On September 24, 2013 from D (hereinafter “D”), the Plaintiff entered into a business takeover agreement with the effect that the Plaintiff will take over the assets of the ready-mixed factory located in E and F in KRW 1 billion (hereinafter “instant G business takeover agreement”), and that the Plaintiff would take over all assets of the ready-mixed factory located in H and six parcels of Won-si on September 26, 2013 (hereinafter “instant prime factory takeover agreement”). The Plaintiff concluded a business takeover agreement with the effect that the Plaintiff would take over all assets of the ready-mixed factory located in H and six parcels of Won-si (hereinafter “instant prime factory takeover agreement”).
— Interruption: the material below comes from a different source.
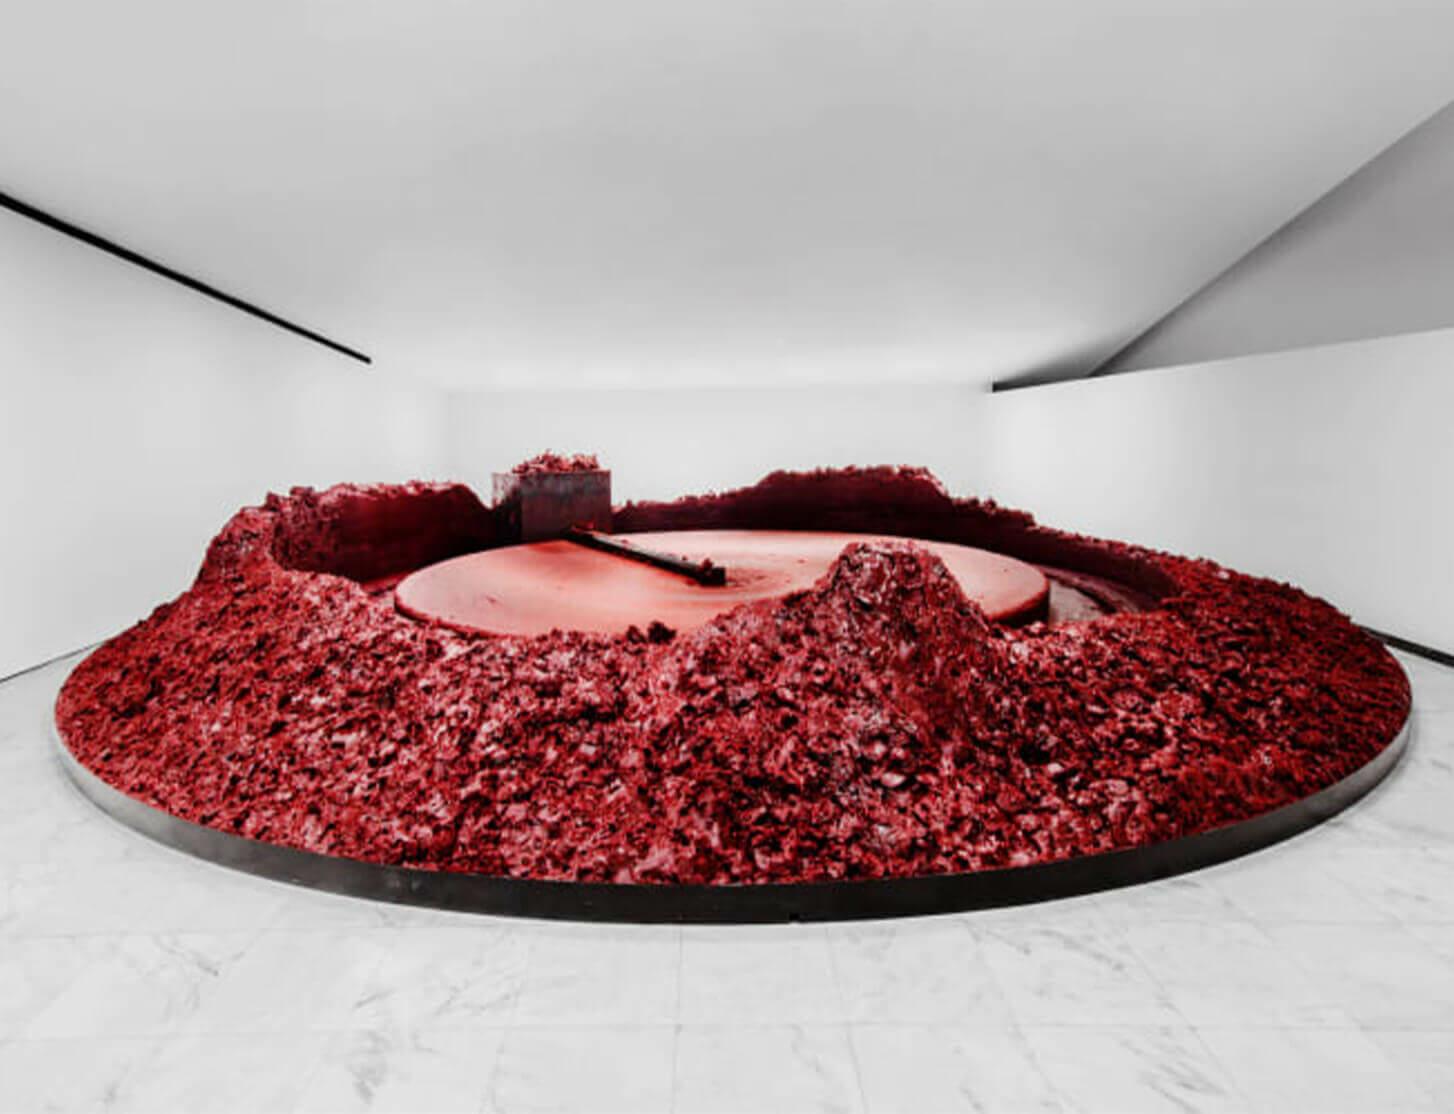 Outspoken artist Anish Kapoor opens retrospective in Beijing - CNN Style

(2) The court below held that on October 17, 2013, the court below erred by misapprehending the legal principles as to the commencement of rehabilitation proceedings (hereinafter “instant rehabilitation proceedings”) and by misapprehending the legal principles as to the commencement of rehabilitation proceedings (hereinafter “instant rehabilitation proceedings”). D, on October 17, 2013, received a decision from the Seoul Central District Court to commence rehabilitation proceedings (hereinafter “instant rehabilitation proceedings”); and I, appointed as a custodian on April 15, 2015; and J appointed as a custodian on the same day, thereby taking over the instant proceedings.

Since then, on January 8, 2016, a new company was newly incorporated to transfer the rights and obligations with respect to the avoidance power lawsuit, etc. by dividing the company, according to the revision of the rehabilitation plan as of January 8, 2016, the company B was established by division from the above company, and it was transferred the rights and obligations related to the lawsuit in this case. On January 14, 2016, the defendant appointed as the administrator took over the lawsuit in this case.
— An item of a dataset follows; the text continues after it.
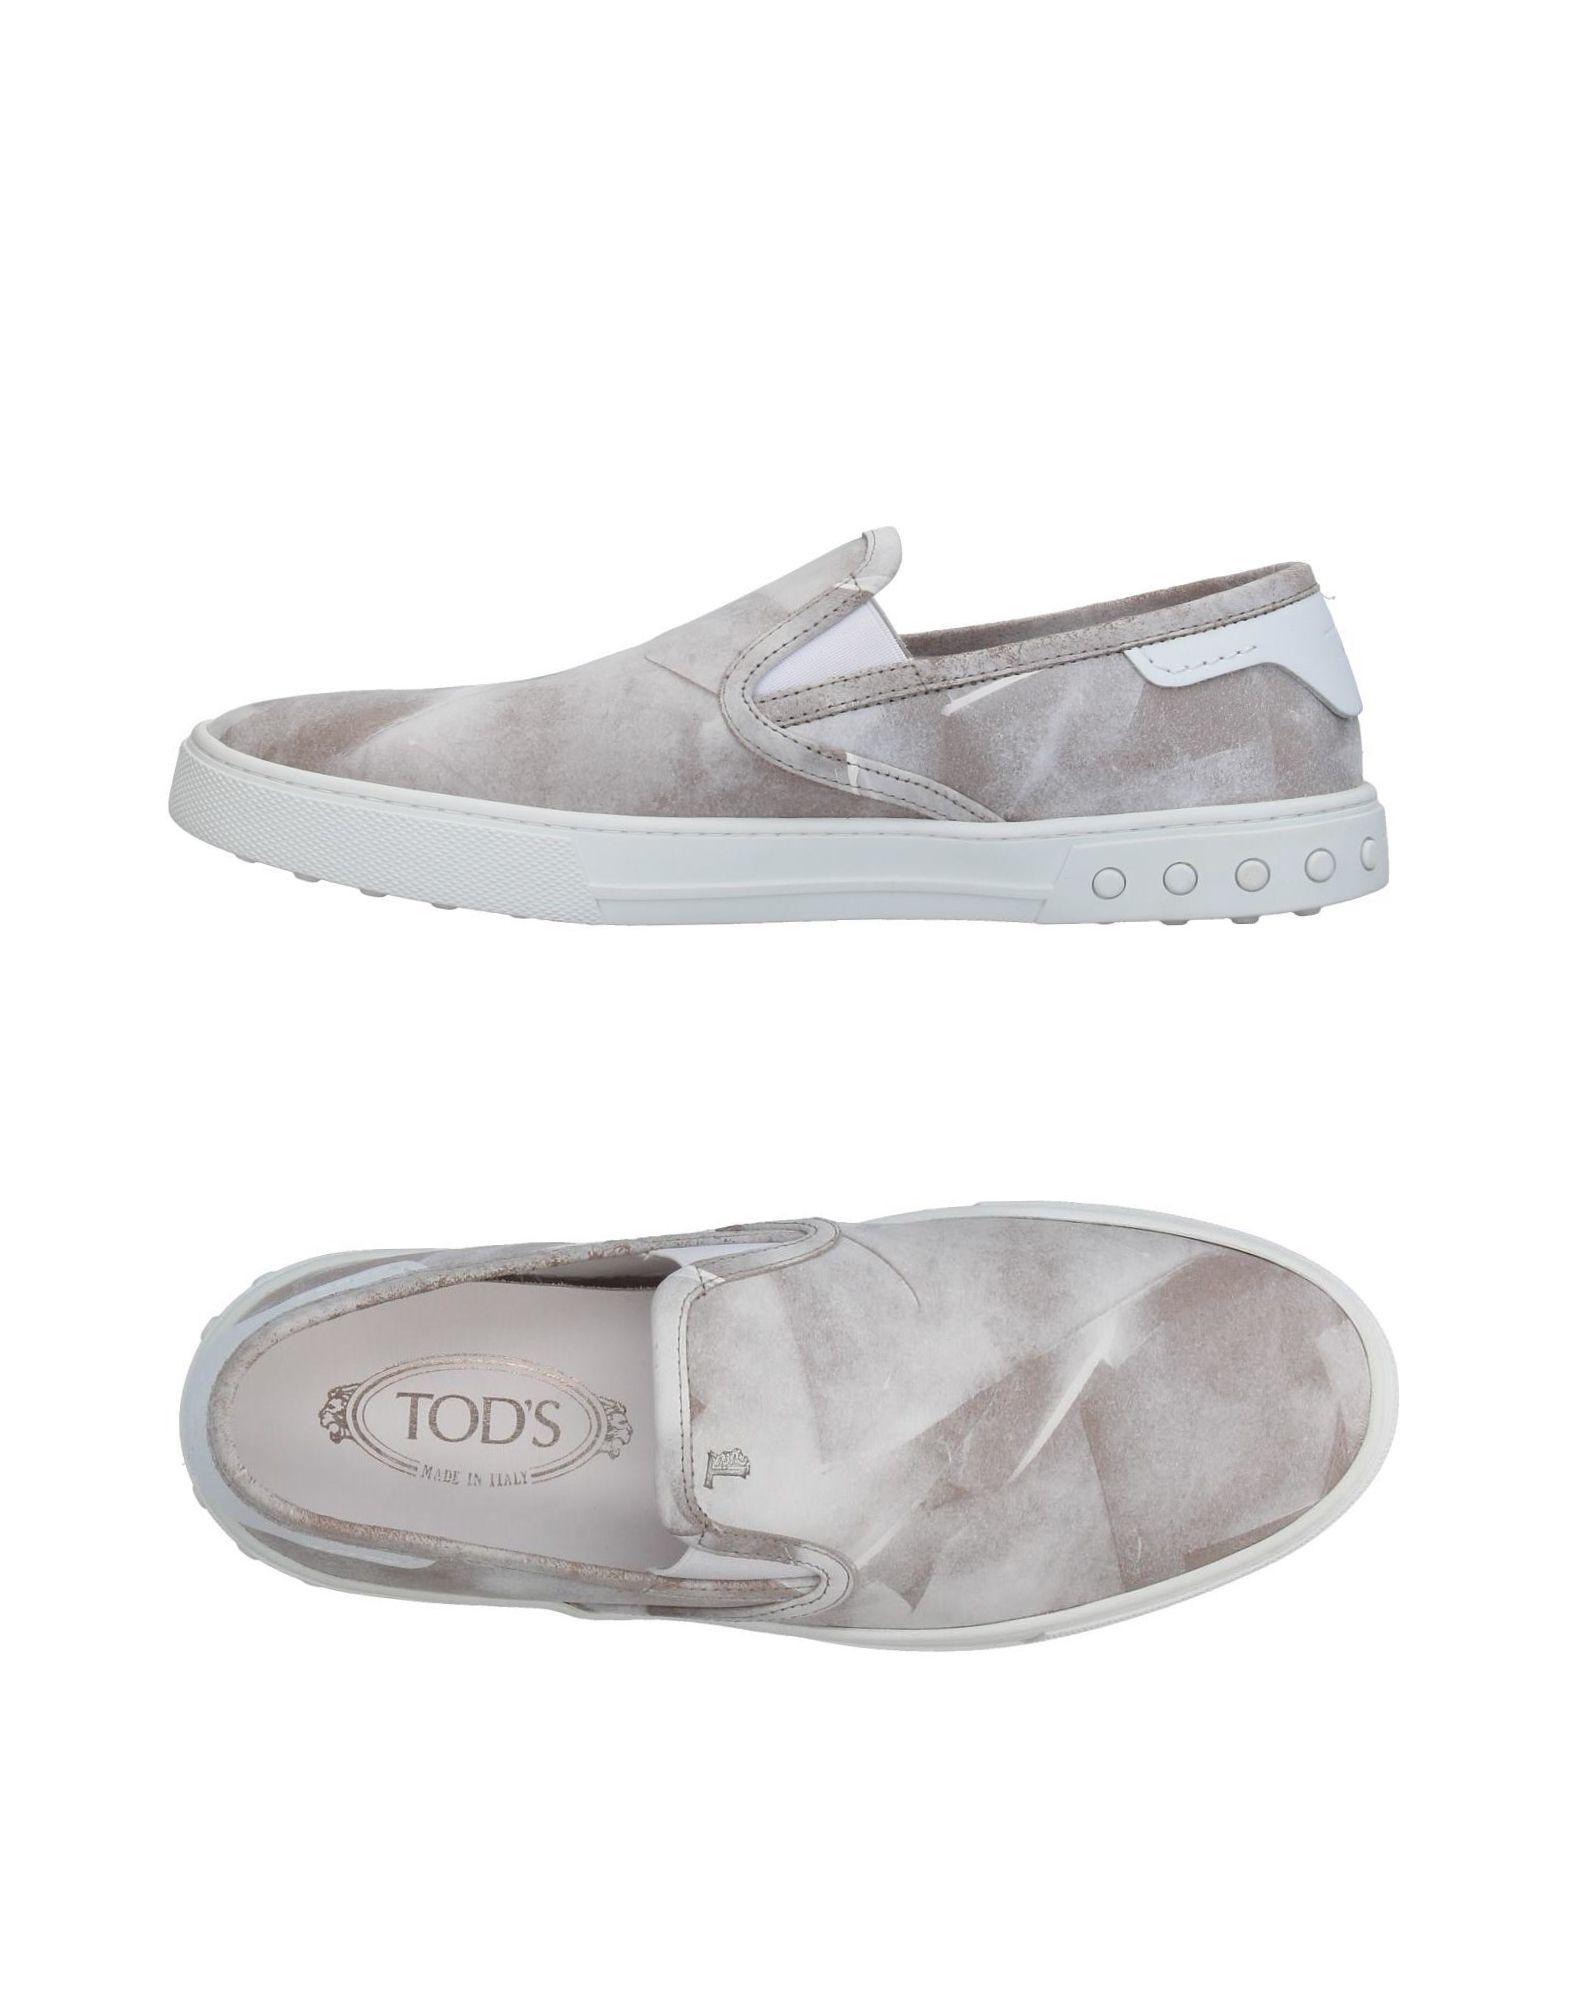 Moda Sneakers Tod's Uomo - 11398394RB

(D) With respect to D and B, neither before nor after the commencement of the rehabilitation procedure, nor after the division of the company (hereinafter “debtor”). The Plaintiff reported the rehabilitation claim in the instant rehabilitation procedure with the following contents. At the time of the obligor’s joint management, I and K denied the amount of the Plaintiff’s report on the rehabilitation claim.
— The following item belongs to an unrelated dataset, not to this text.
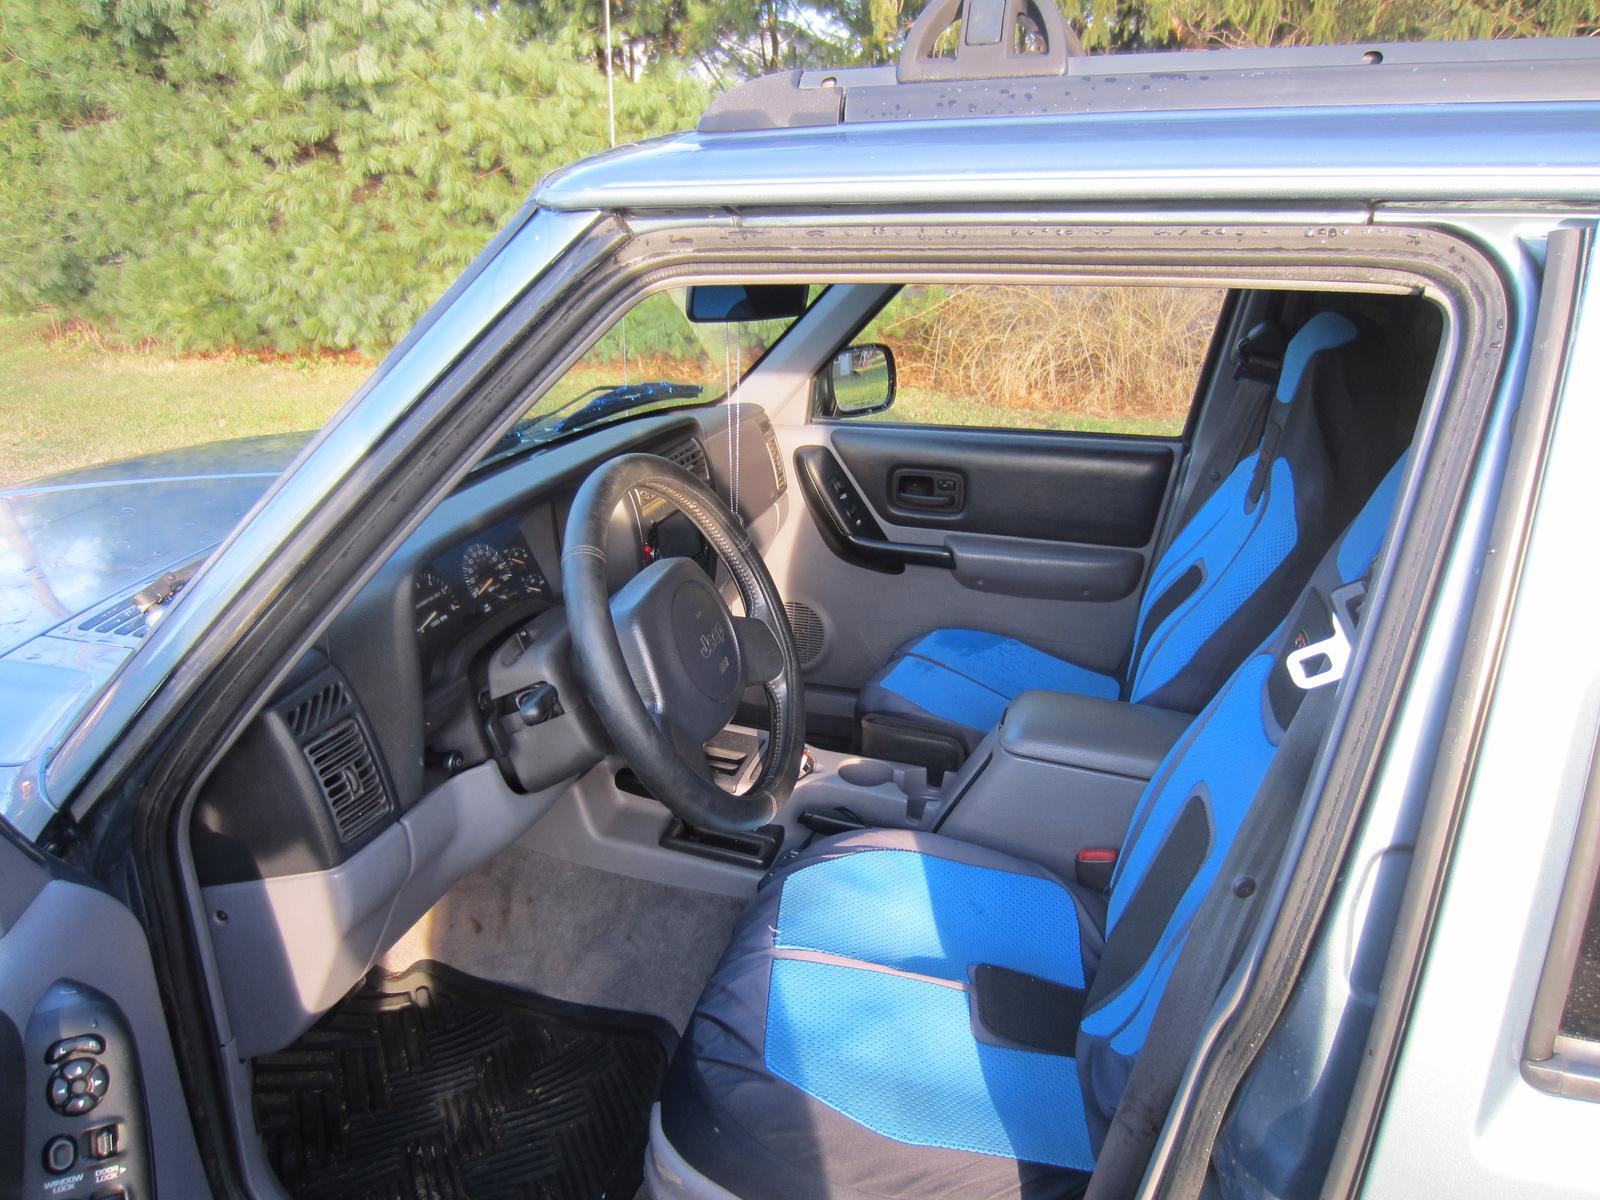 1997 Jeep Cherokee Interior Pictures Cargurus

G Accordingly, on January 10, 2014, the Plaintiff’s “the rehabilitation claim against the debtor is KRW 400 million for penalty, KRW 72,261,00 for damages, and KRW 4 billion for delay,” under the Seoul Central District Court Decision 2014 Mada91 (2013 Mahap186).” The Plaintiff’s confirmation that the rehabilitation claim against the debtor is KRW 4 billion for public interest claim against the debtor is KRW 4 billion.